The motivation for algorithm development came from the Arabidopsis thaliana
Chloroplast 2010 Project large-scale reverse genetic phenotypic screen (Chloroplast 2010, http://www.plastid.msu.edu/
]). This project leverages the collection of T-DNA insertion lines and genomic sequence for the plant model species A. thaliana
to screen large numbers of putative gene knockouts with the aim of functionally characterizing chloroplast-targeted genes. The presence of a large T-DNA insertion can block or reduce expression of the gene it lands in, and altered phenotypes can provide insights into the normal function of the gene and its protein or RNA product(s).
In addition to qualitative and semi-quantitative measures of physiological and morphological characteristics, the pipeline assayed levels of leaf fatty acids and leaf and seed free amino acids, important outputs of chloroplast metabolism. The pipeline assays were preformed on groups of individual plants planted in units of up to thirty-two per tray and three trays of plants per assay group. Two assay groups were grown concurrently under controlled environment plant growth conditions. Individuals representing T-DNA insertion events in different locations within the same gene (alleles) are present in the dataset, and it is of interest to compare the assay responses of these individuals as well as to identify other individuals with similar responses. Because the experimental design lacked cross-group controls (e.g. designated WT), the ability to make even semi-quantitative cross-dataset comparisons was not possible using existing methodology.

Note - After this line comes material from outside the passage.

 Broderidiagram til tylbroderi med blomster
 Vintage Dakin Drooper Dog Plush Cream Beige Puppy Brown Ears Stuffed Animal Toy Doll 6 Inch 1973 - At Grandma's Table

Developing phenotypic annotation for un- and under- annotated genes is a primary goal for the Chloroplast 2010 project and identification of individuals with like phenotypes (phenotypic clustering) is a way to achieve that goal. Thus, a method that would allow cross-dataset comparisons and identify putative mutants was needed to achieve the goal. The resulting method, MIPHENO (Mutant Identification by Probabilistic High throughput-Enabled Normalization), is aimed at improving first-pass screening capabilities for large datasets in the absence of defined controls. Algorithm performance was tested using a synthetic data set and the Chloroplast 2010 high throughput phenotypic dataset. The executable code and data for the Chloroplast 2010 analysis are available as Additional file 1
and as a CRAN package (MIPHENO, http://cran.r-project.org/web/packages/MIPHENO/index.html
The following describes a quality control process for identifying aberrant groups followed by a data normalization method, which aims to bring samples into the same distribution allowing for dataset-wide comparisons. Additionally, we describe a hit detection function based on the cumulative distribution function (CDF) to identify samples with putative, 'non-normal' phenotypes. For clarity, the terms normal and wild type (WT) are used to describe the typical response of the population. Generally, this could be the untreated (chemically or genetically) population or the base level of the system (e.g. background response). Non-wild type responses, a hit or mutant, refer to a response that is distinct from the normal response distribution, with a putative hit/putative mutant referring to a sample that is predicted to have a response different from the normal response distribution but has yet been confirmed. In high throughput screens, the objective is to identify putative hits balancing the false positive rate (FPR), or the number of WT samples that are called hits, with the false non-discovery rate (FNDR), the number of true hits that are missed. Results are presented from analysis of the synthetic dataset and biological data.